Kubernaut Agent SDK Config¶

The Kubernaut Agent reads its LLM configuration from an SDK config ConfigMap. This page documents the schema, provisioning methods, and provider-specific examples.

v1.4: breaking YAML changes for the Kubernaut Agent

CamelCase migration (ADR-030). Every field in KA-facing YAML configs now uses camelCase. Older snake_case keys (api_key, timeout_seconds, mcp_servers, prometheus_url, and similar) must be renamed — existing ConfigMaps fail validation until updated.

Three top-level domains.

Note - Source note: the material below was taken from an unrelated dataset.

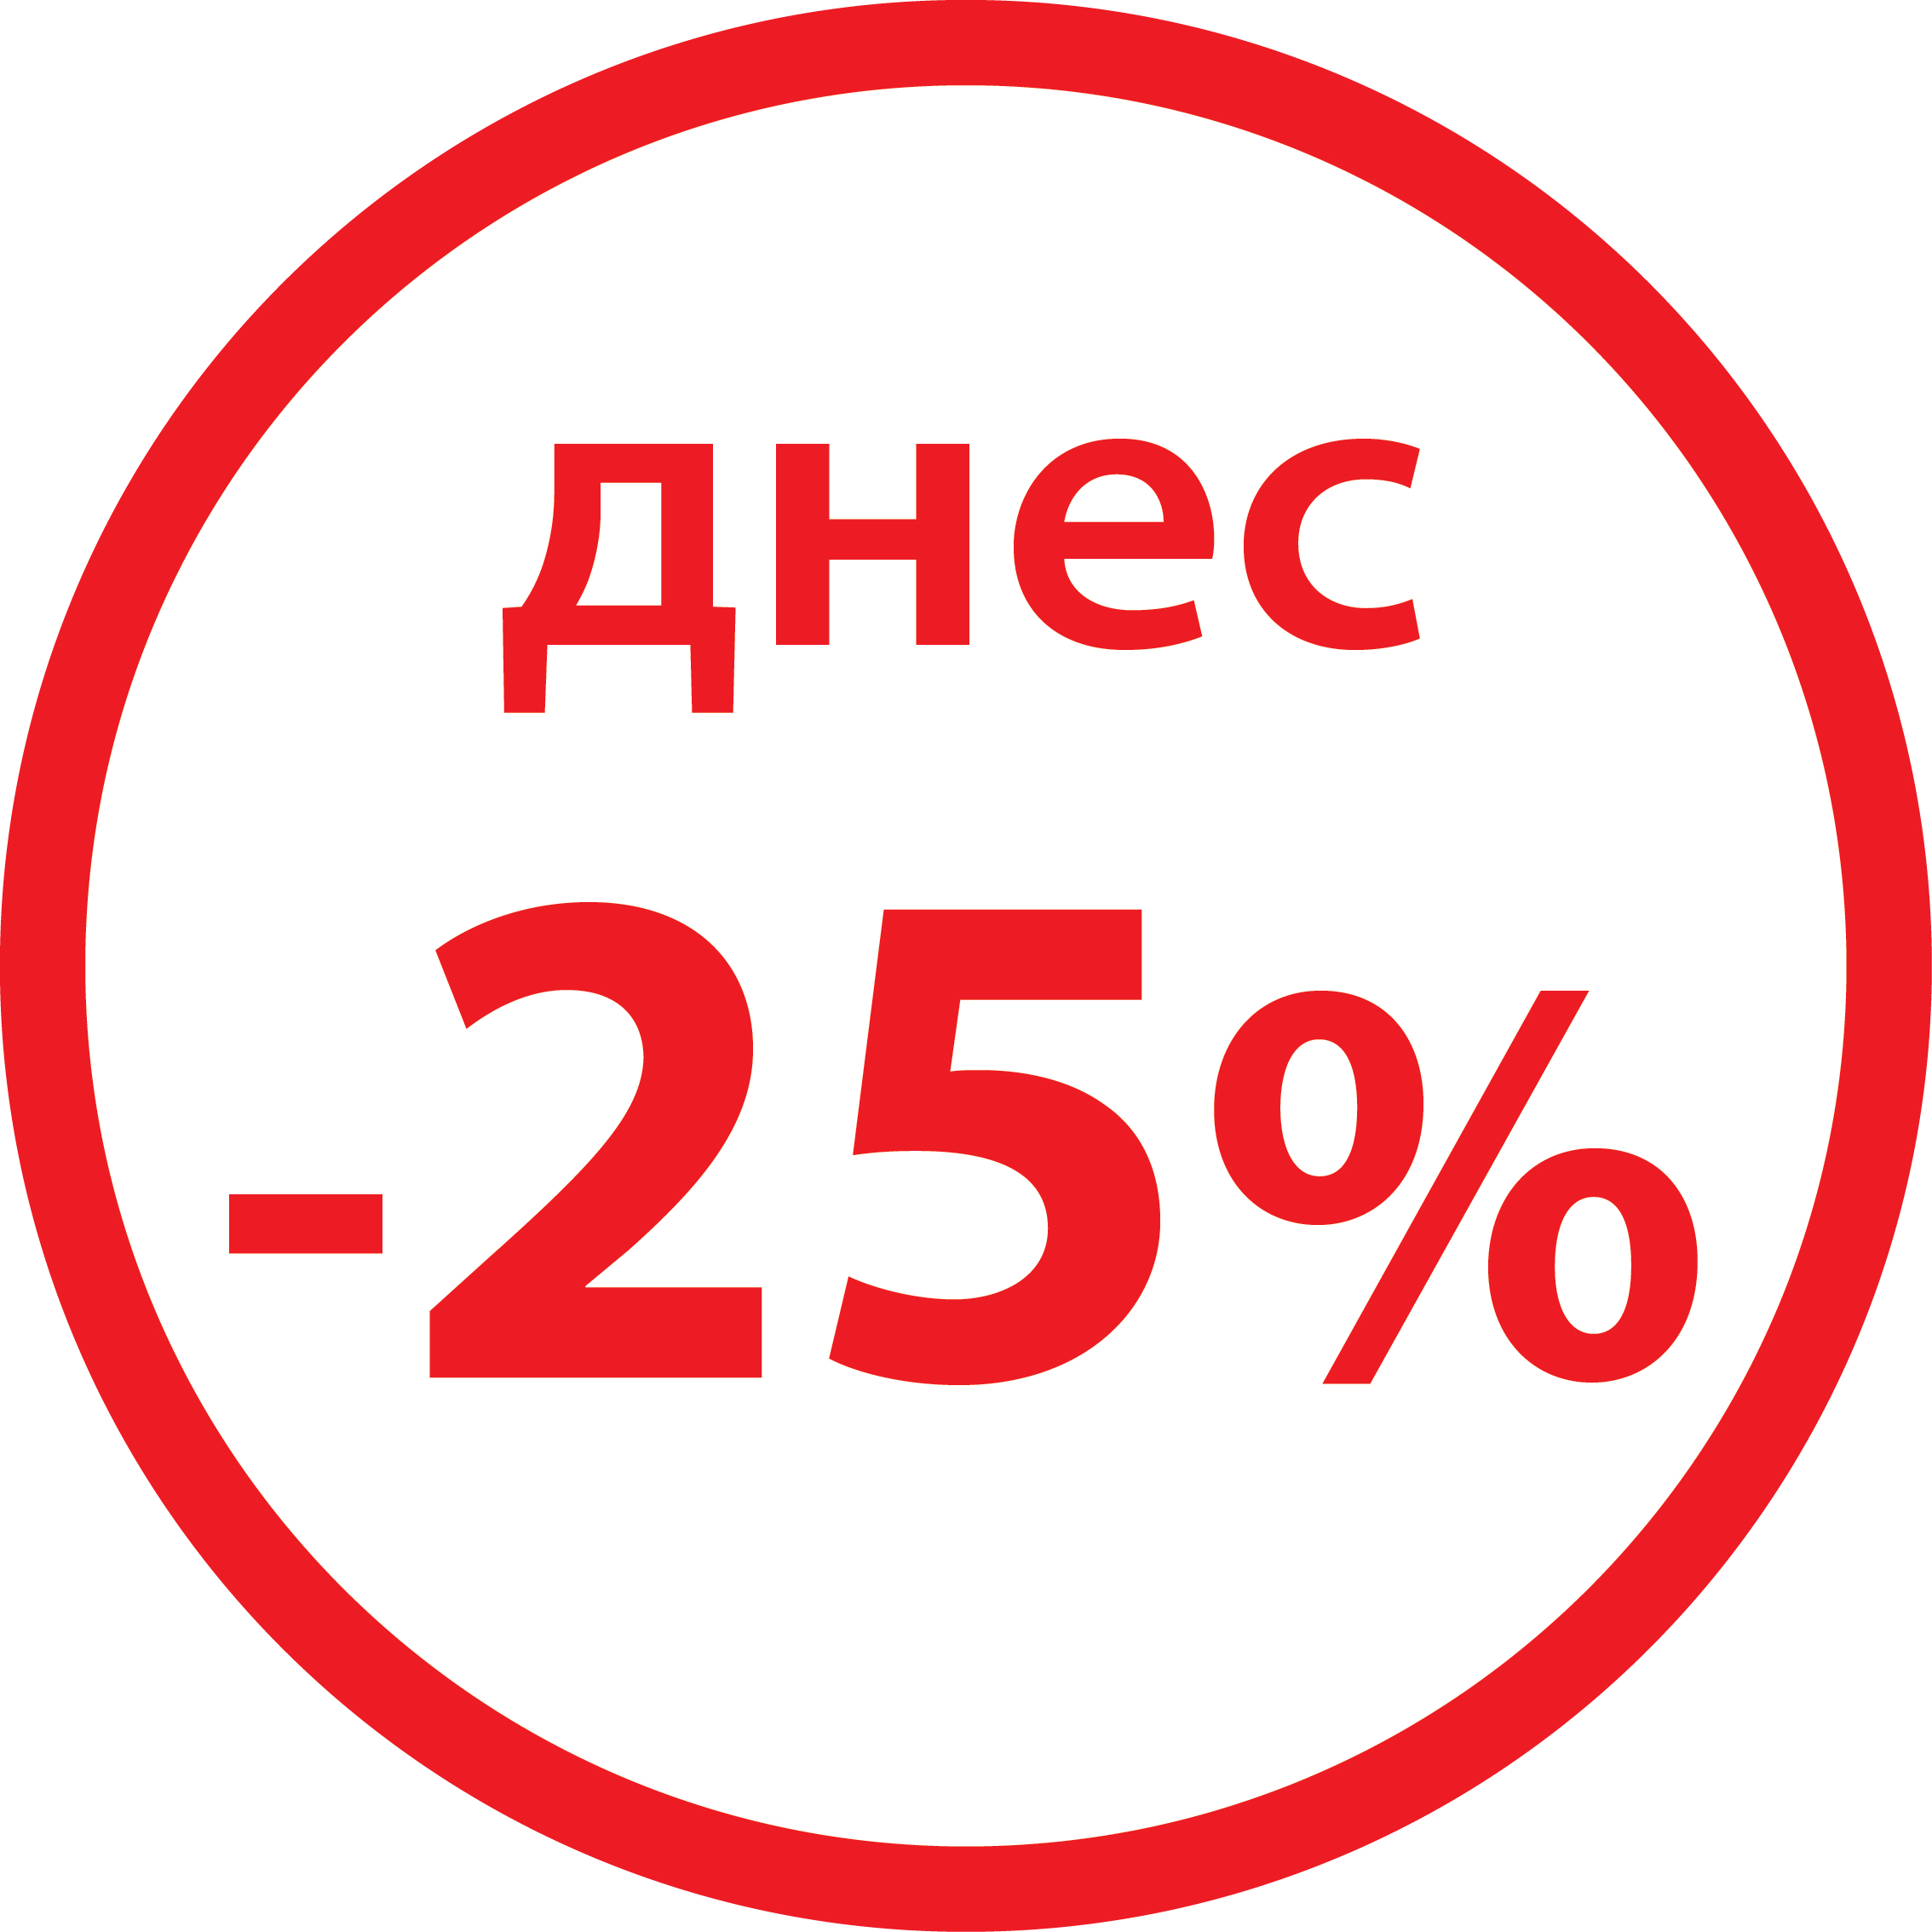 25% off
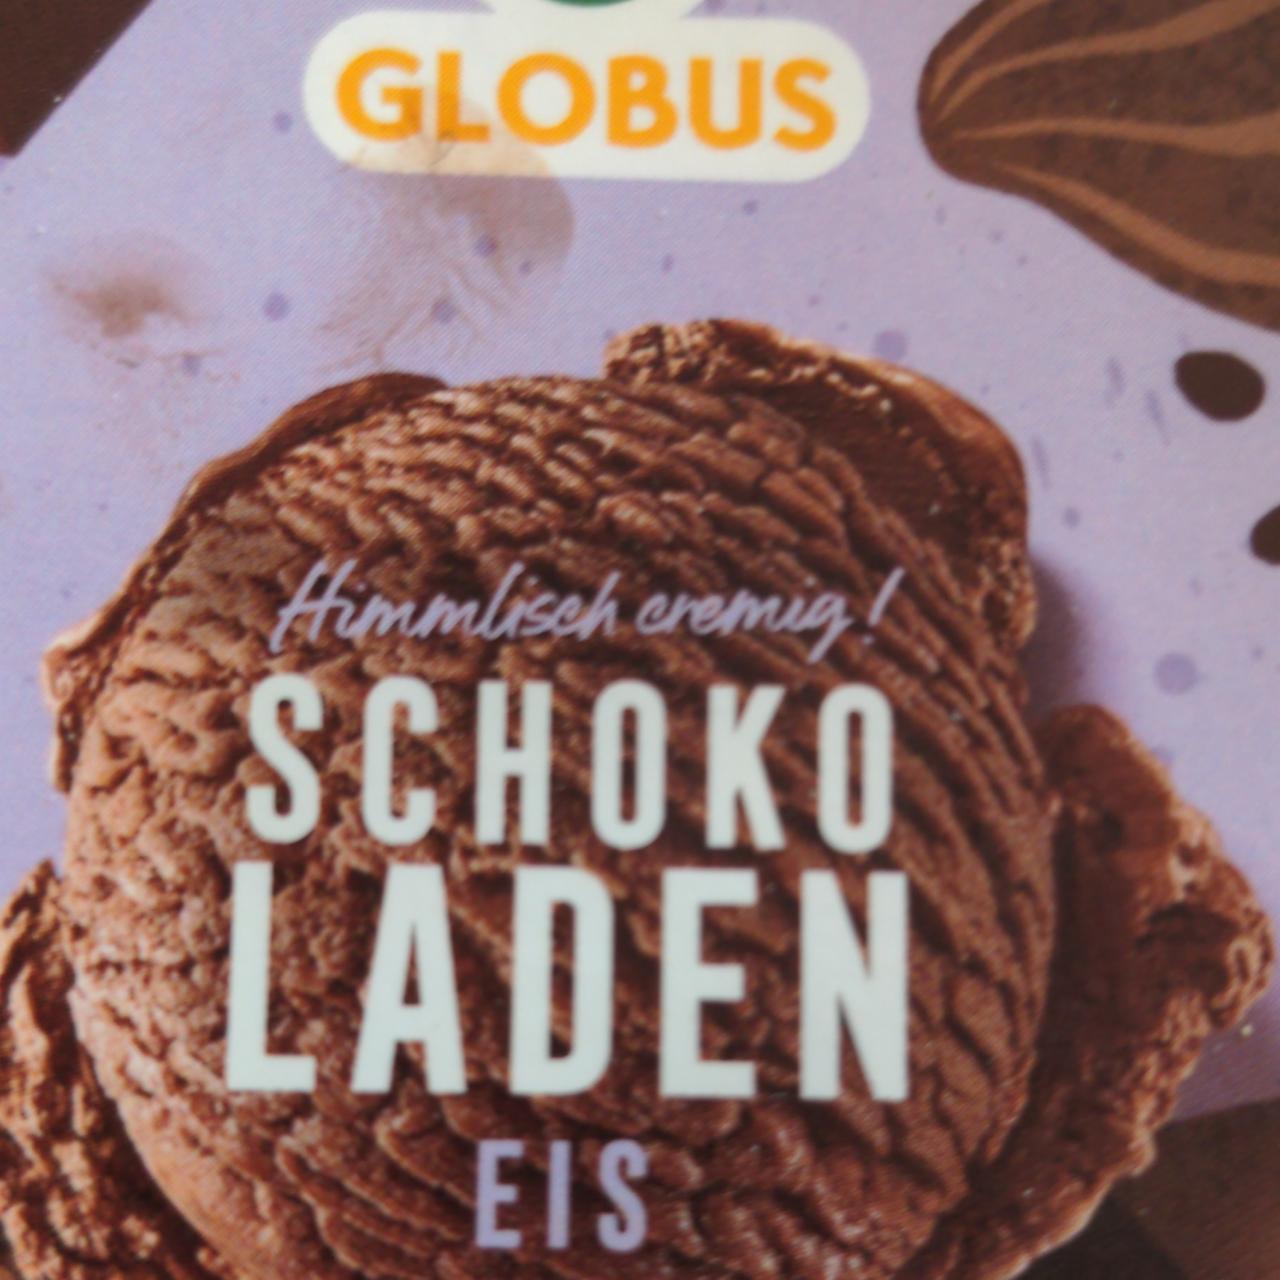 Fotografie - Schoko laden eis Globus

Configuration is reorganized under runtime, ai, and integrations:

runtime — operational/process settings (server and related knobs are nested here).
ai — LLM/provider options (for example llm blocks live under ai).
integrations — external surfaces (tools / toolsets and mcp_servers equivalents are nested here).

Two ConfigMaps. KA consumes a static ConfigMap mounted at pod startup (bootstrap and fields that cannot change safely at runtime) and a separate hot-reloadable ConfigMap watched at runtime. Edits to AI model, tooling, MCP, and other supported fields on the reloadable bundle take effect without restarting the pod (subject to watcher sync latency — see Hot-Reload).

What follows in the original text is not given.